# [Problem details]
Retype each line below precisely and omit all images.

# [Data block]
+++

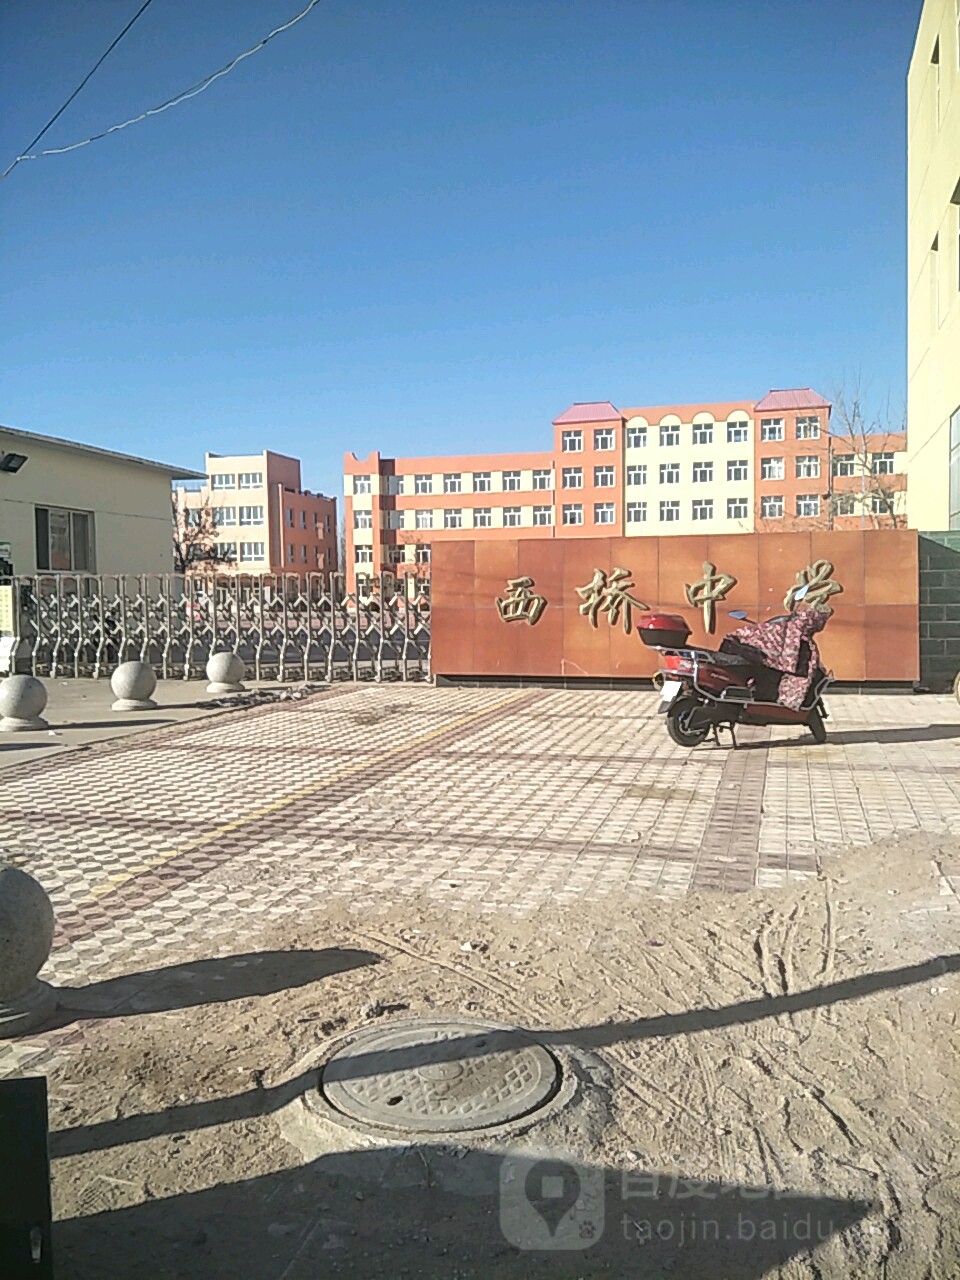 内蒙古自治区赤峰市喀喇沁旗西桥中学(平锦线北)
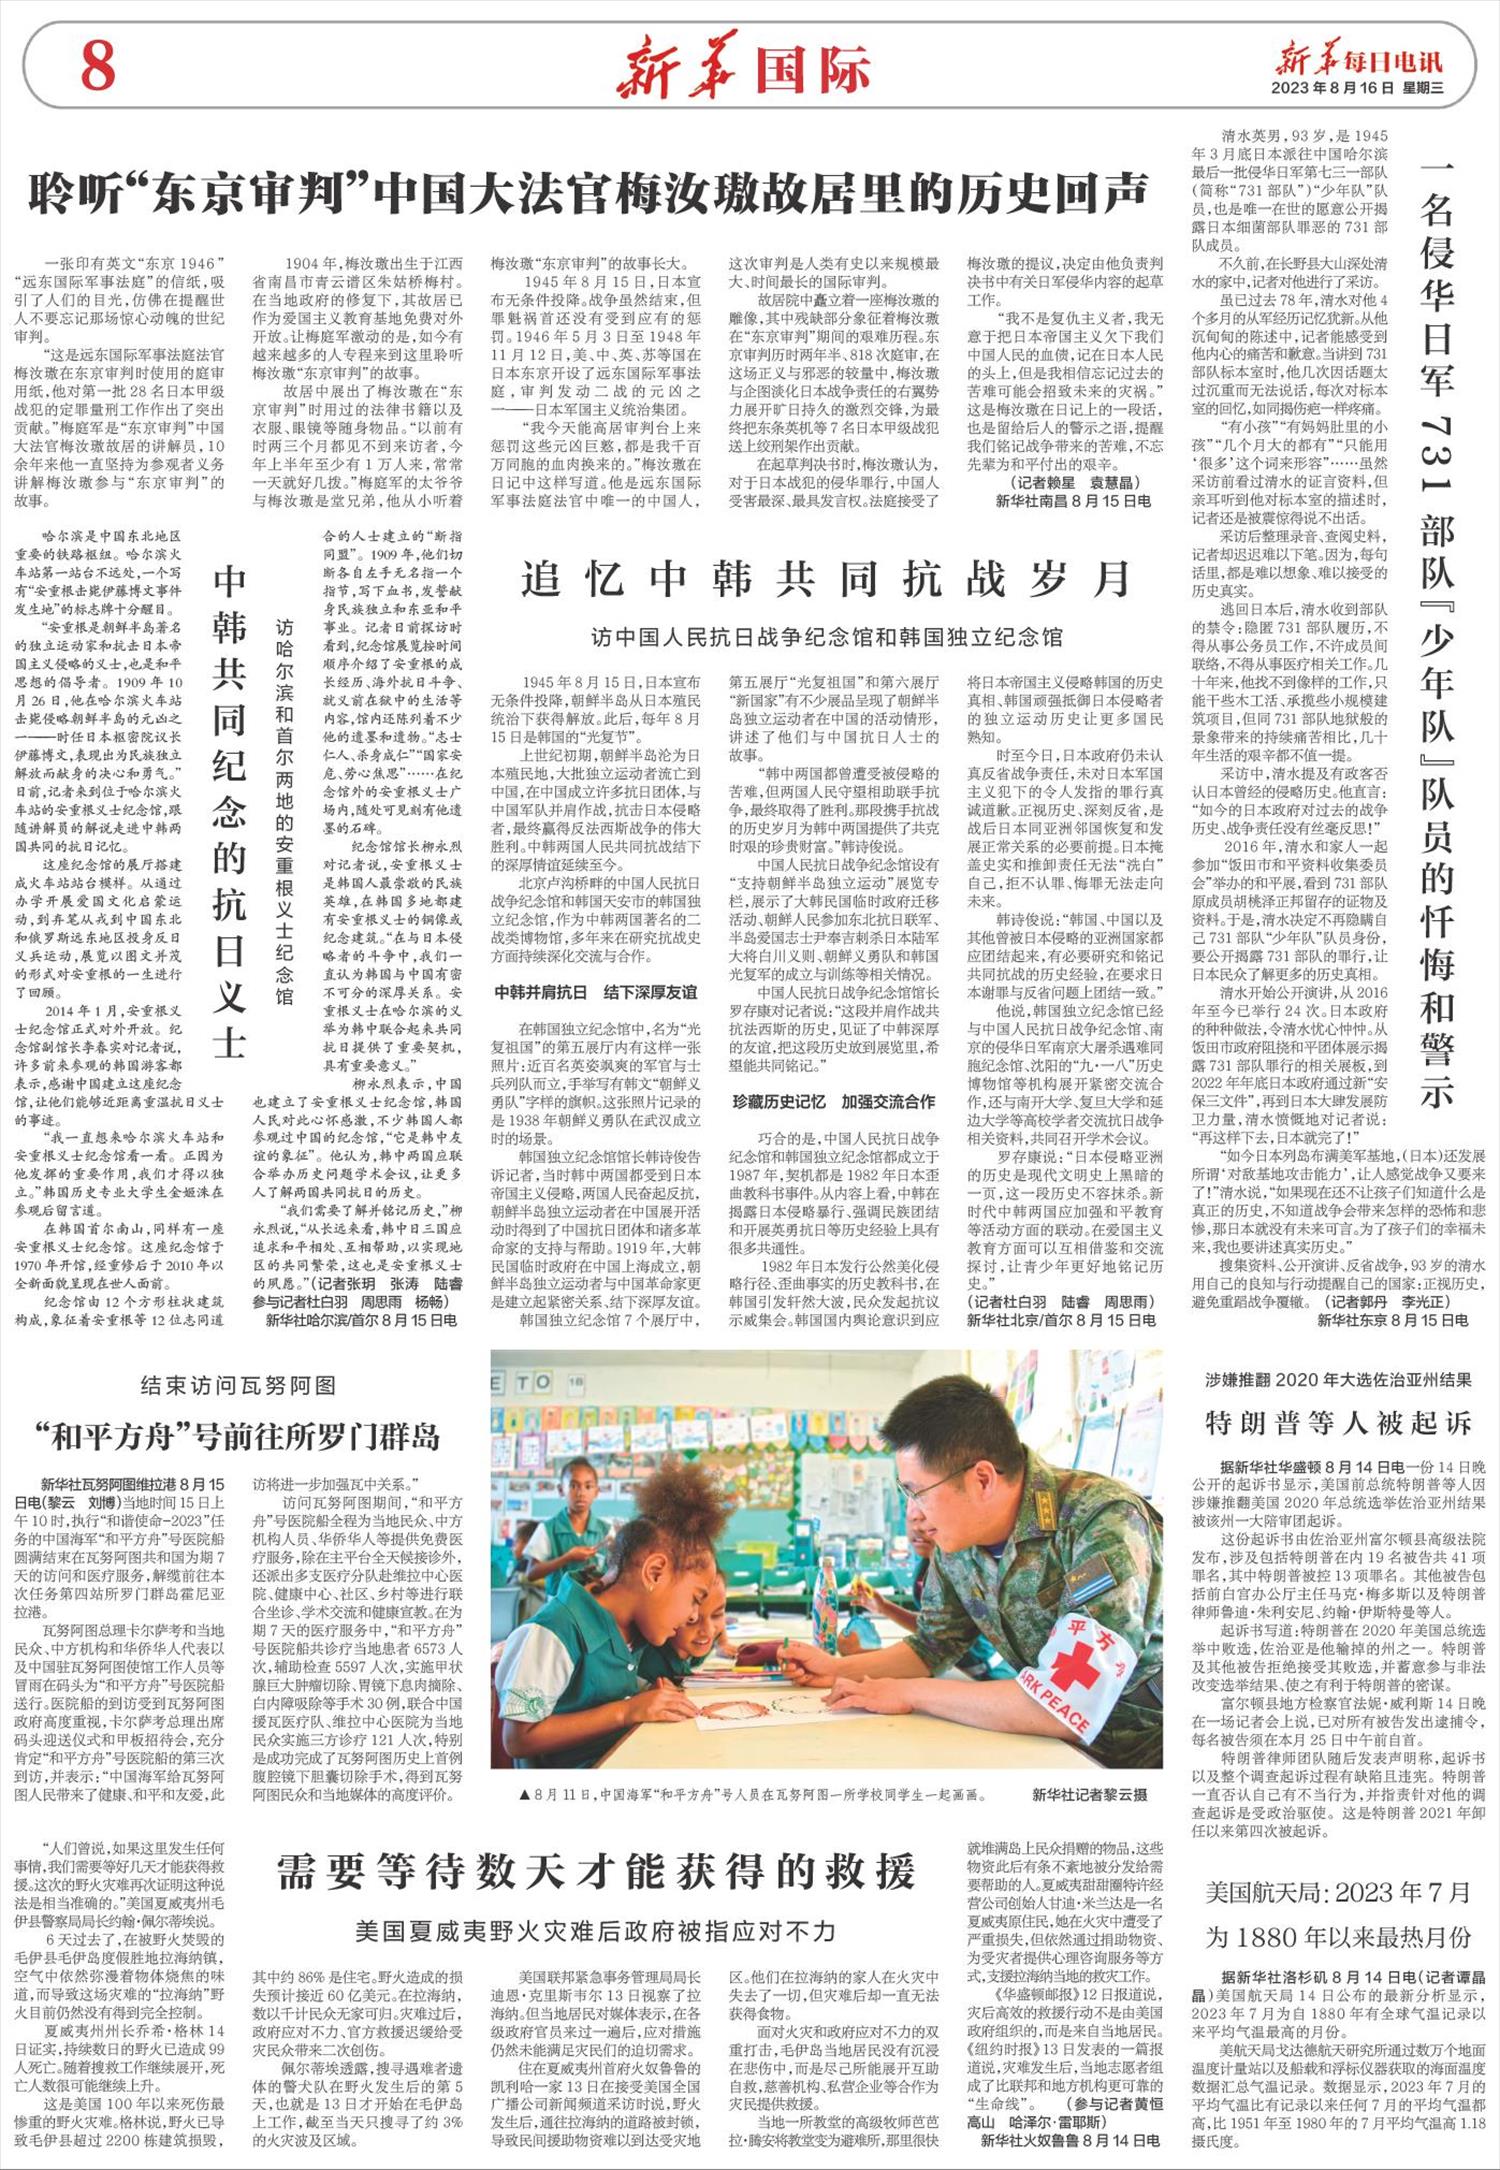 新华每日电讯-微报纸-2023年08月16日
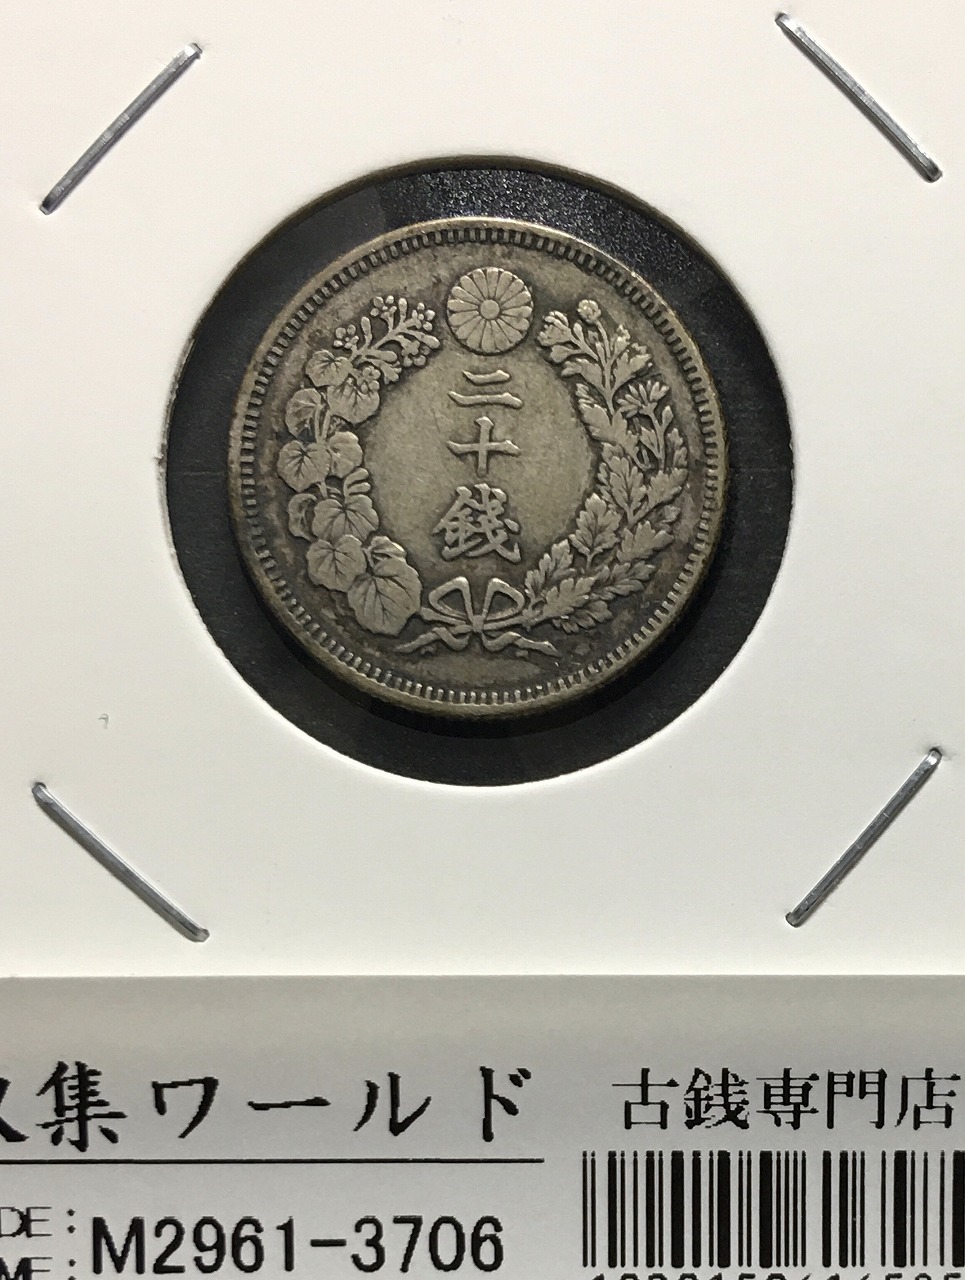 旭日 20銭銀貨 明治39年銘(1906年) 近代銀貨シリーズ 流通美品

+++

# [Solved exercise]
 内蒙古自治区赤峰市喀喇沁旗西桥中学(平锦线北)
 新华每日电讯-微报纸-2023年08月16日
 旭日 20銭銀貨 明治39年銘(1906年) 近代銀貨シリーズ 流通美品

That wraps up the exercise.